As you continue, hopefully barreling down past Cape Sorrell and then Low Rocky Point, you will be deep into the National Park and begin to realise how isolated you are. Just like the Hercules trips to Antarctica, you have to remain committed to Hobart or turn and head back to Stanley or Devonport. There is simply nowhere else for you to go. The wonderfully friendly Cray fishermen of Port Davey won't even be around in a blow. The redeeming feature is that you have just started to head more Easterly and if you're lucky, you should be able to ease the sheets some.
Your next installment is the south coast from South West Cape and Maatsuyker Island (pronounced Mat Sy Carr) to the South East Cape and Whale Head. This is the edge of the great Southern Ocean. You'll be down around or past the 45th parallel, reaching or running in the predominant West, Sou'Westerlies with the big long swells that look like deep navy corduroy. It is often both very cold and very fast. The penguins in your crew will love it. Simply put, no bush walker will ever see it the same way and they are visions that will stay with you forever. After ducking below Maatsuyker, which is the furthest South you go on this trip, you'll ever so gradually swing slightly North as you make your way to Tasman Head at the bottom of South Bruny Island.
 | The Friars - No handbrake at sea - so steer carefully - M2H John Curnow |
Just below Tasman Head are The Friars. A rocky little group that give some indication as to what lies below the surface. Some crews with a keen local knowledge pass through here - the majority steer well clear! Your call. From there you'll be turning North, with yet more opportunities to have a kite up. Warning. The Brunies also have high headlands and can cast significant wind shadows, so keep an eye and ear out for up-to-date information to help you decide which part of Storm Bay to be in. Remember. You've almost done it; so don't let slip now.
This is your penultimate section of the race and as you get further into Storm Bay you will no doubt encounter vessels from other fleets. How are those side bets going now you wonder? Did we nail it or are we buying the drinks? At the very least, it is likely to be significantly warmer by now.

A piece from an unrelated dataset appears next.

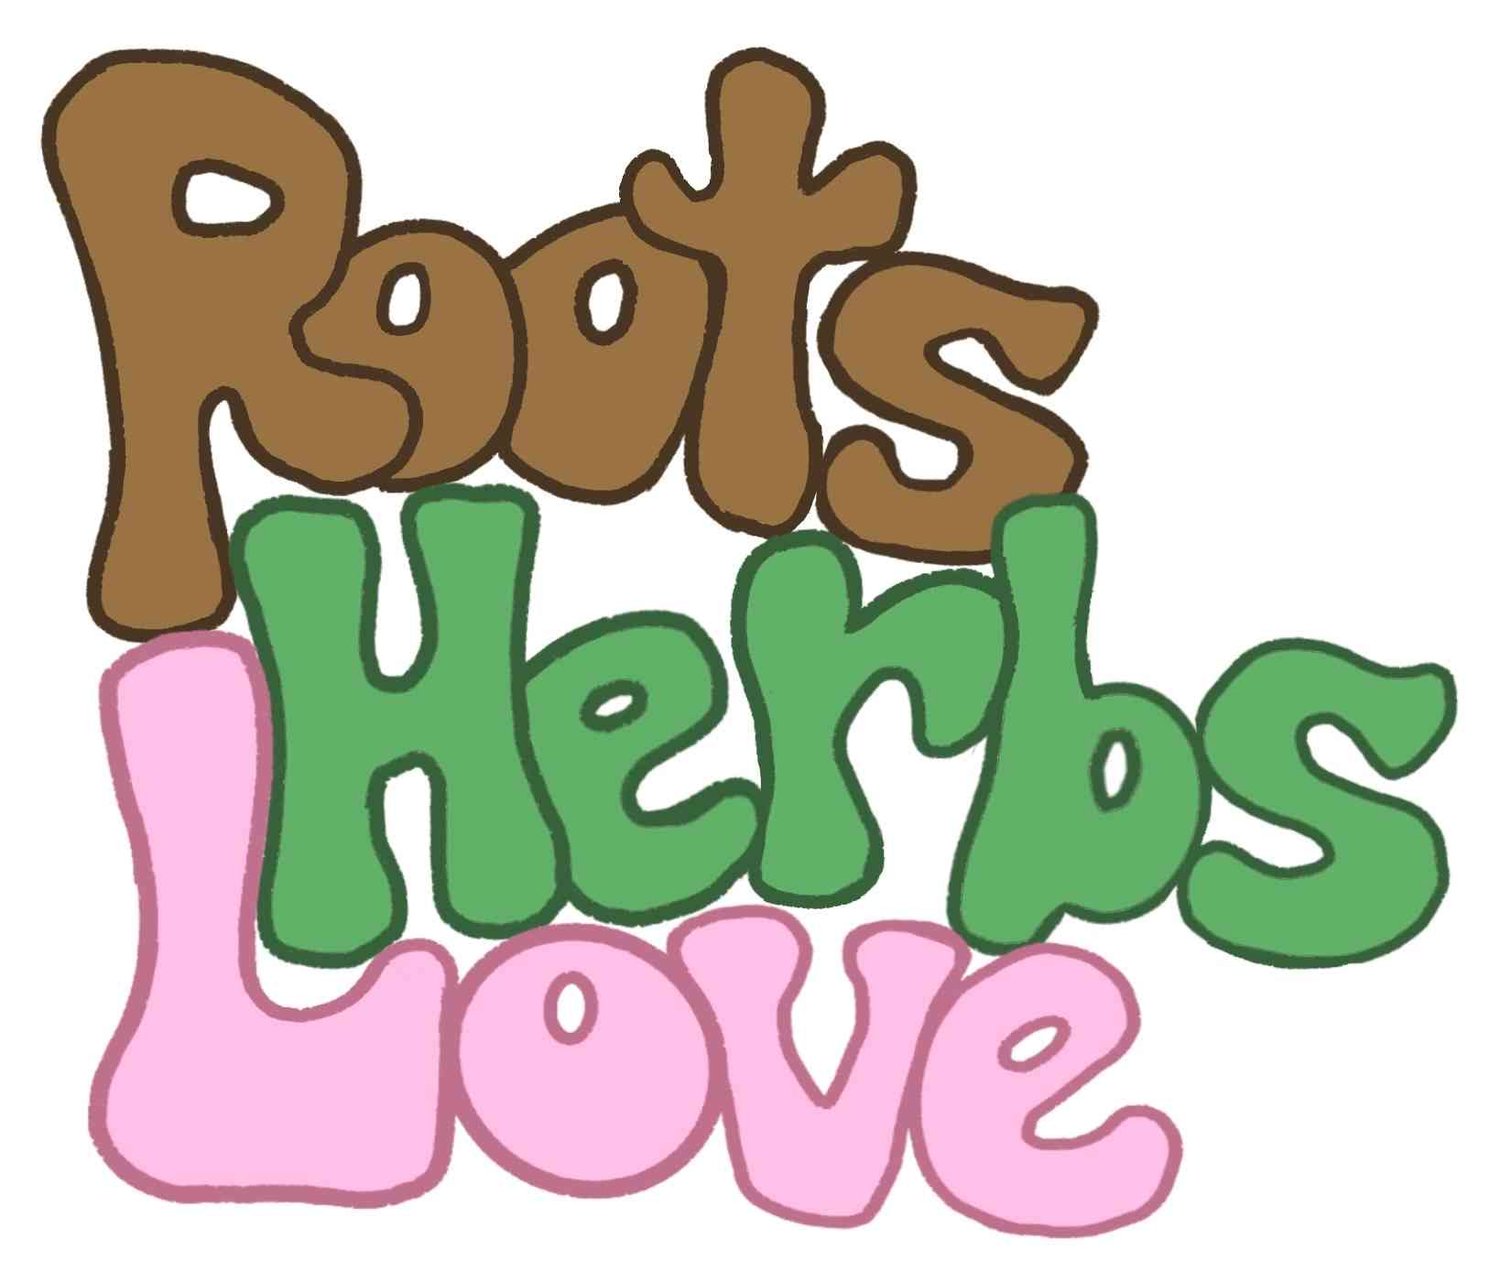 ROOTS, HERBS, LOVE

Finally then, you pass the Iron Pot and you're in the Derwent - your last stage. Pray it is not nightfall, for the river can serve up some of the most fickle and soul-destroying winds. Work hard, concentrate and take whatever local knowledge you have collected, remembering what you have gone through to get here. Chase all wind and keep the boat moving - stationary or backwards is no fun at any time.
Alas when you finally do get to the Elizabeth Street Pier, a warm welcome and cold slab of beer awaits all finishing boats - no matter what the hour - and after a West Coaster, you'll surely take it.
 | Cape Grim - fearsome name, cleanest air in the world! - M2H West Coaster - John Curnow |
The M2H West Coaster fleet have their own Summer series to gain points towards - The Sovereign Series. Starting with the Cock of the Bay and then their M2H West Coaster result, skippers and crews will be keen to get the final points in the King of the Derwent, which the ORCV runs in conjunction with the Derwent Sailing Squadron in Hobart.
So having sold your wet weather gear for a jug of Rum and Coke in a tirade about 'never again', you'll need to go out shopping. The race, always on January 2, attracts entrants from our two fleets, as well as the Sydney-Hobart race, often including the Maxis. You have a lot of the best sailors in the world pitted against each other with the need for local knowledge from Tasmanian Skippers as crews master the very fluky conditions. We are delighted that Wrest Point remains involved with us for this great local event that sees a fleet of around 60 yachts cover the Derwent River course in a sea of colour.
Proudly sponsored by Heemskirk Consolidated, the Sovereign Series is a true mark of a crew's all-round ability.